● Activity
Please copy only the material from the line that has "PhosEx Pond Filter" to the very last line, both ends included, exactly as written and without pictures.

● Information shown

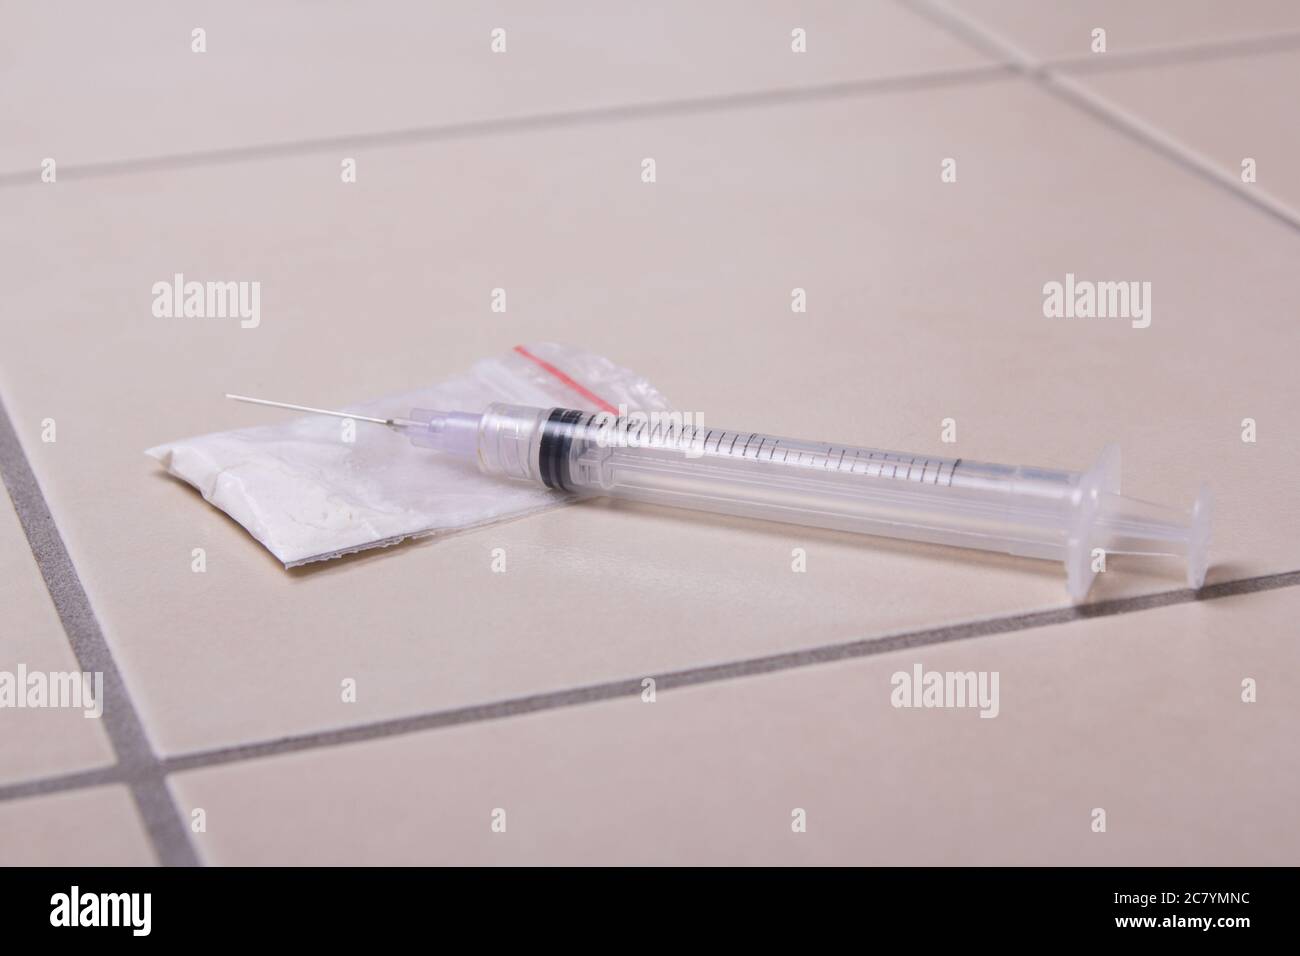 drug syringe and heroin powder on tiled floor Stock Photo
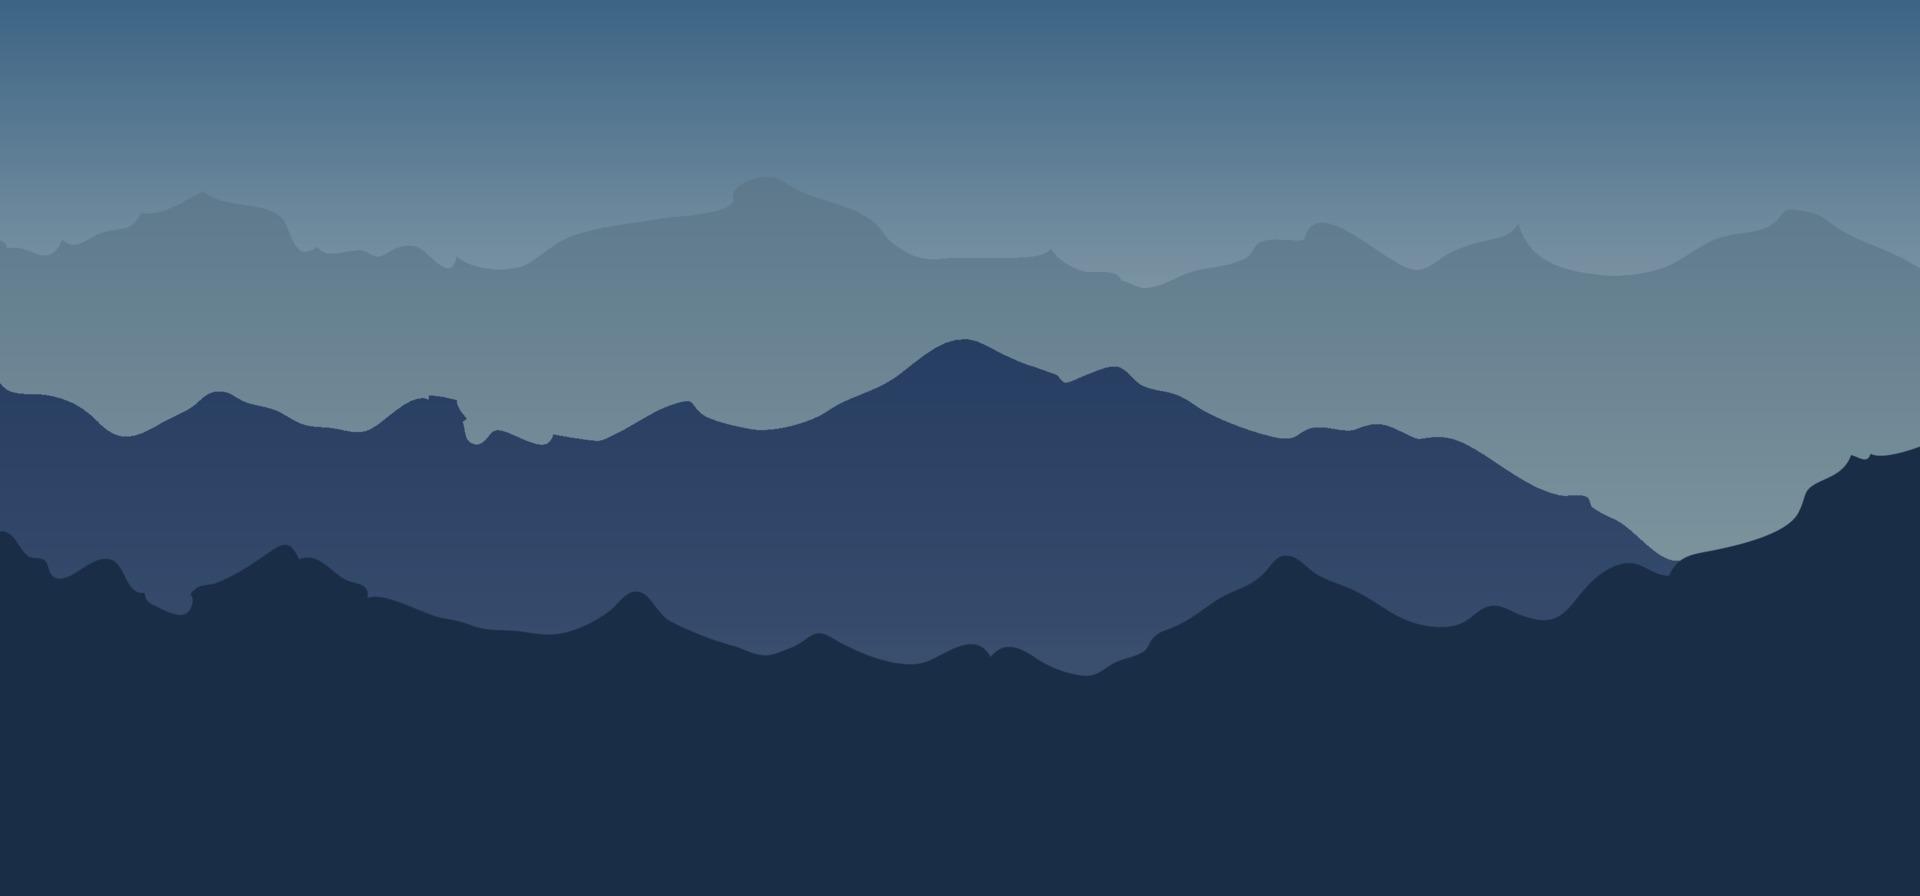 Fondo de silueta de tono azul de vista de paisaje de montaña. vector
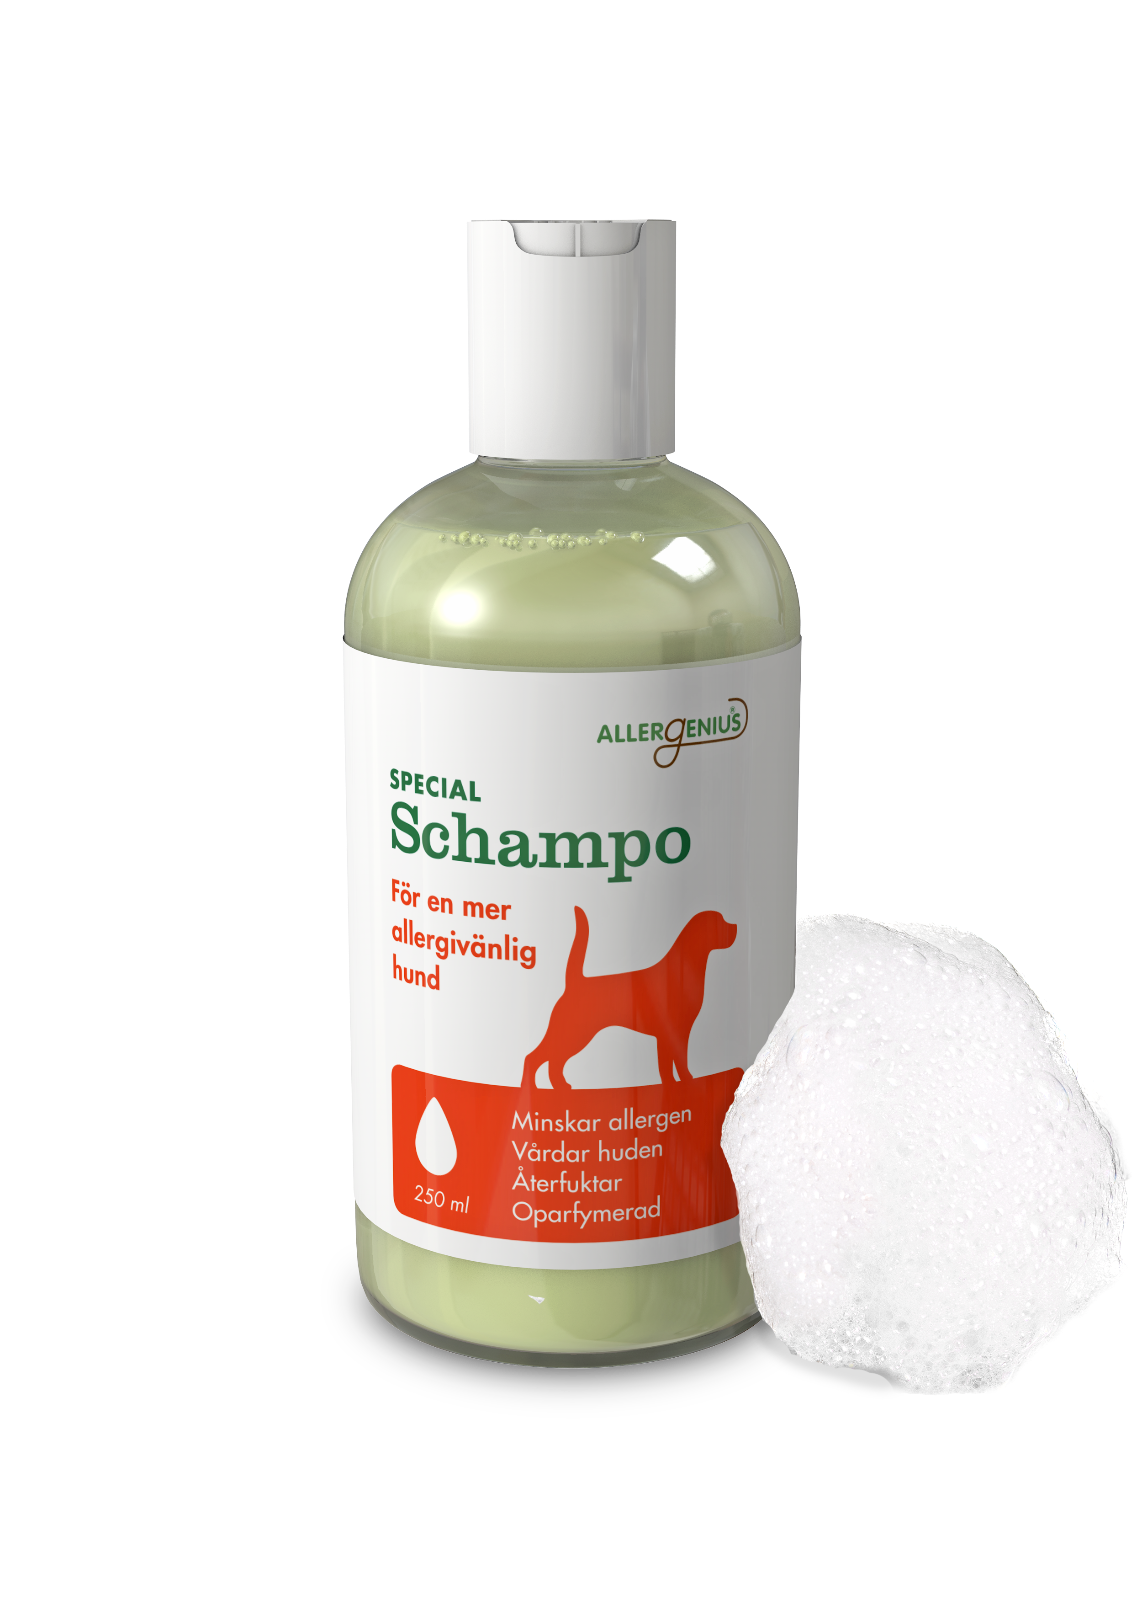 Allergenius® Dog Specialschampo
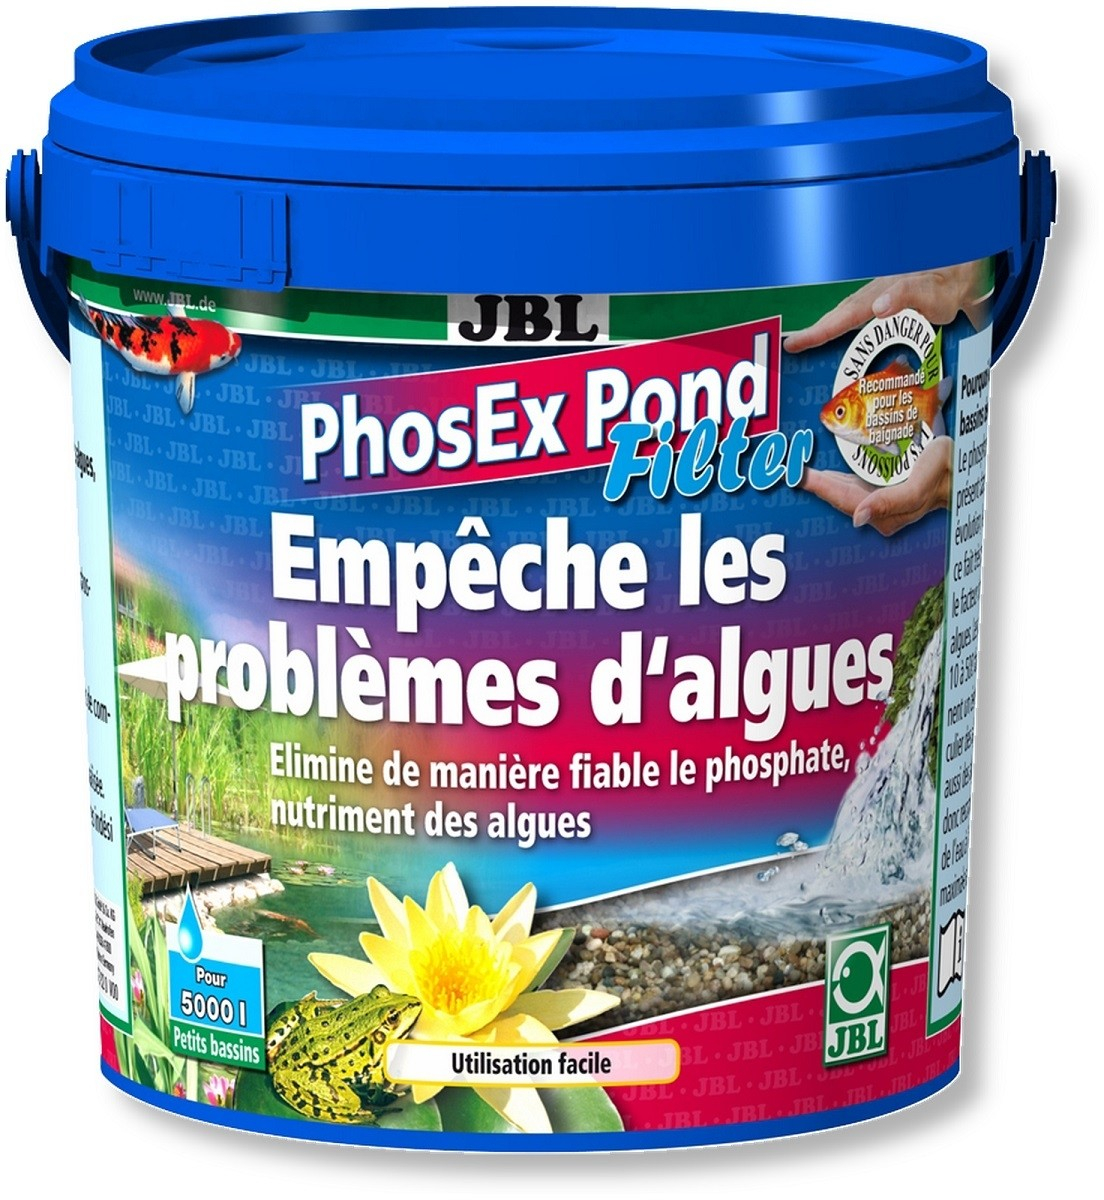 PhosEx Pond Filter Rimovente di fosfati per i filtri da laghetto
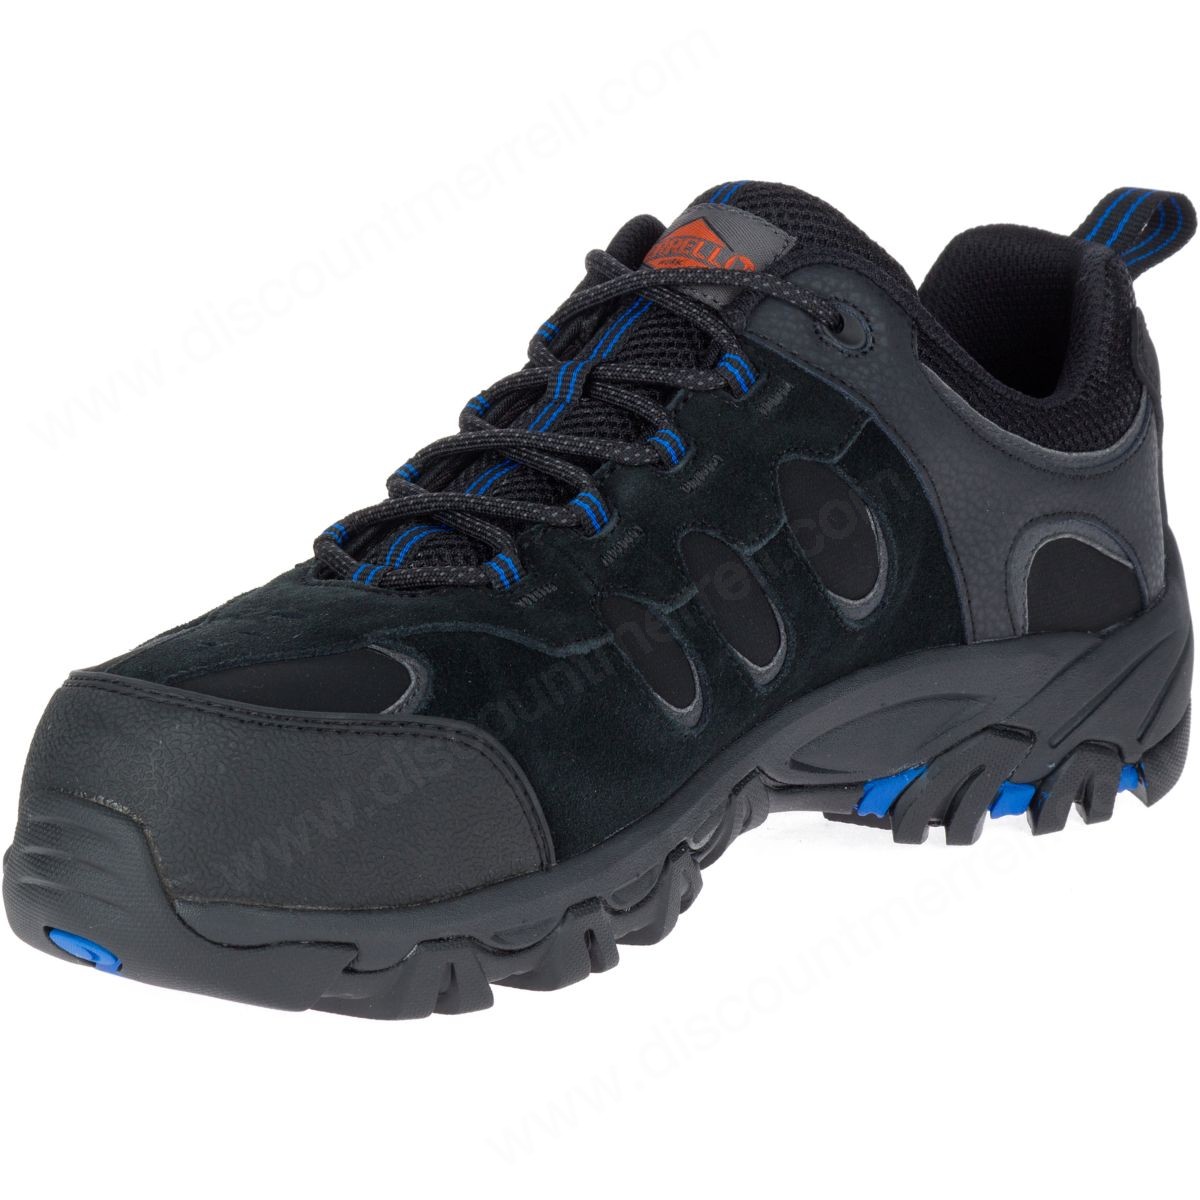 Merrell Man's Ridgepass Bolt Comp Toe Work Sneaker Wide Width Black - -5

● Task answer
 PhosEx Pond Filter Rimovente di fosfati per i filtri da laghetto
 Merrell Man's Ridgepass Bolt Comp Toe Work Sneaker Wide Width Black - -5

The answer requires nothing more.